On my way there, the hole’s extent reveals itself to me. The walls are too dark to discern a thing, however just at the top of the opening, there is an orange hue glowing gently. I squint my eyes to better view it, but all I can see is the warm colour. It evokes some familiarity within me, though I struggle to precisely say what. It feels gravitating, like it drags me towards it.
I look to my companion, watching me regard the opening. He seems to read my thoughts. Hooking me in the familiar fashion, he slowly drags me across the grass. When we reach the concrete wall, he releases his hold of my right side, and with his left fingers, wraps around my chest to compensate for the surrendered grip. Once the two of us are comfortable with the shifted hold, my friend proceeds to use his right claw, with a strategic placement of his stick-like legs, to scale the wall.
I am uncomfortable being raised in such a manner, but do not protest so as not to frighten my carrier. My feet cannot help but dangle lightly, and hurt in kind, but I try not to notice.
My companion’s jump to attach to the celestial ceiling comes out of rhythm and startles me. He almost lets me go, but tightens his grip in time. He lowers me to his legs, and I wrap around them the best I can. They are thin and twig-like, and I fear I might break them if I supply too great a force.
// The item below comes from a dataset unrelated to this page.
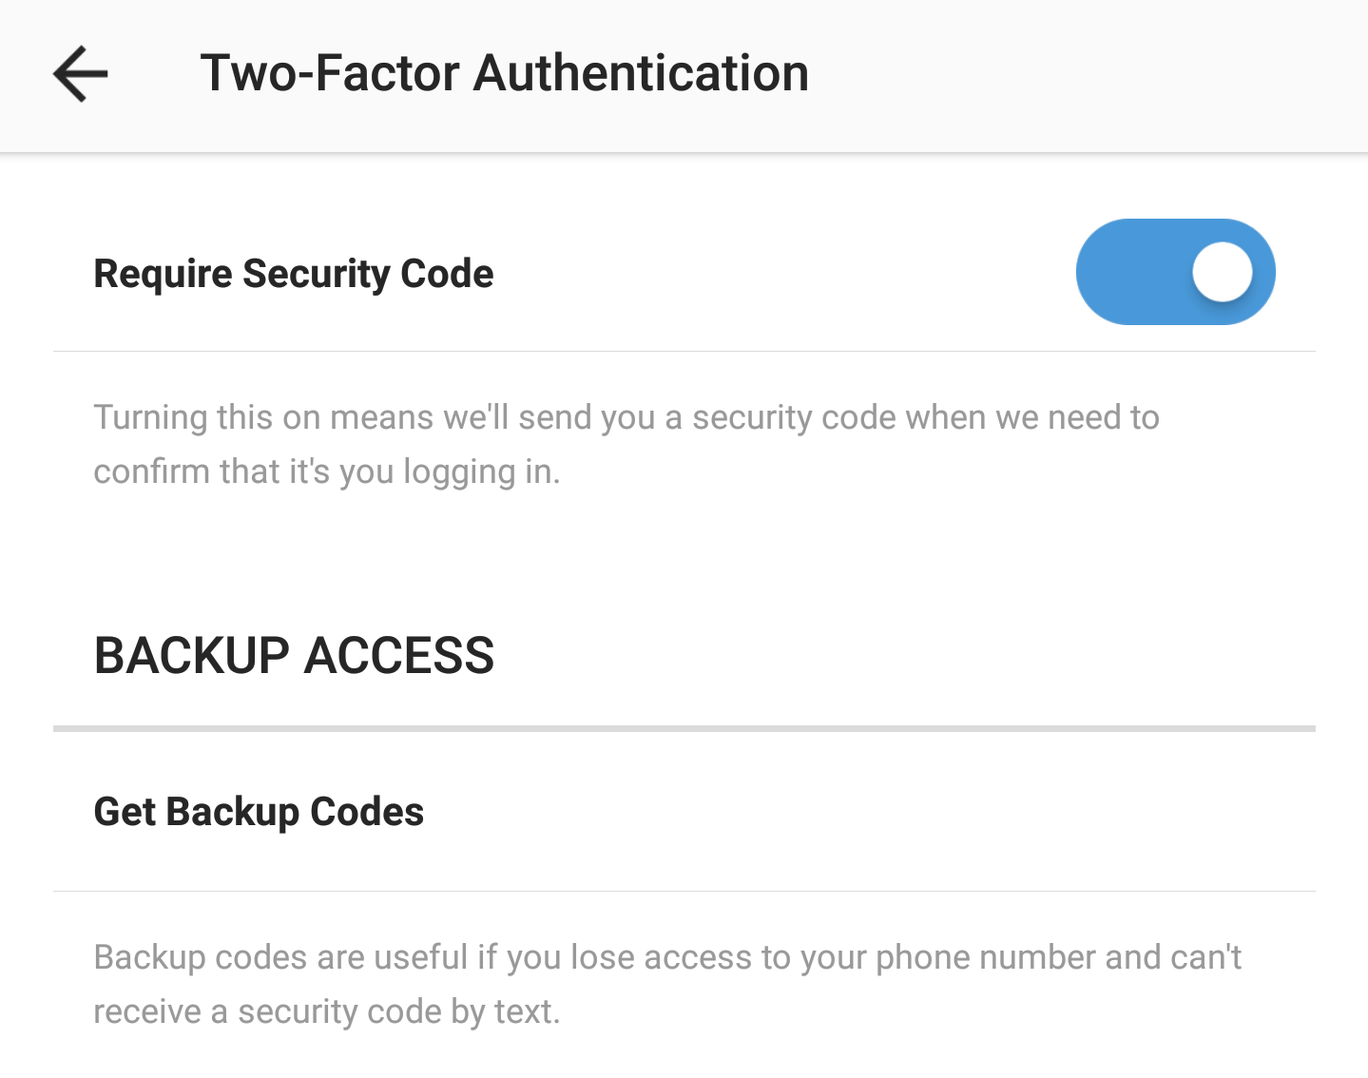 Make your Instagram account much harder to hack by enabling two-factor authentication, a security feature that protects you even if your login details are stolen. Go to your profile, tap the three dots, open Two-Factor Authentication and toggle it on.

In this fashion, with me hanging from my friend’s feet, we traverse what distance remains to the heavenly opening. I glimpse below us, and sense the ground much farther than it ought to be. I startle, and grab on more tightly. Fortunately, the legs do not break.
At the opening, my friend positions to its side, where there is no door to obstruct entry. Hooking onto the interior of the duct with one hand, he swings the both of us inside it, catching with his other hand just in time not to fall from the swing’s apex. The interior of the tunnel is like a chimney. A sweltering heat persists within it, and the abyssal walls are as though covered in pitch-black soot. Directly above us, at an unjudgeable distance, there is the orange glow I saw earlier. It still contains a familiarity I cannot place; but I resolve that reaching it will answer any questions I may have, and, gripping my companion the strongest I feel safe doing, I prepare to rise.
We conquer the unjudgeable distance in but a second, or maybe two. My friend hastens to carry us away, perhaps in fear of the tunnel closing in the fashion of those he appears acclimated to. I slowly fall lower and lower on my friend’s body, my grip slipping under the intense speed; the glow approaches nearer and nearer, though I only witness it in glimpses, my focus too centred on not suffering another belabouring fall; the warmth’s intensity too magnifies, and my sweat provides an unfortunate lubricant to my only means of superposition. My companion senses my struggle, and stops right before the summit to help me back up.
He climbs out the top of the chimney, pulling me from below him. I look around.
And my ink flows thick, but my notebook has run out of pages.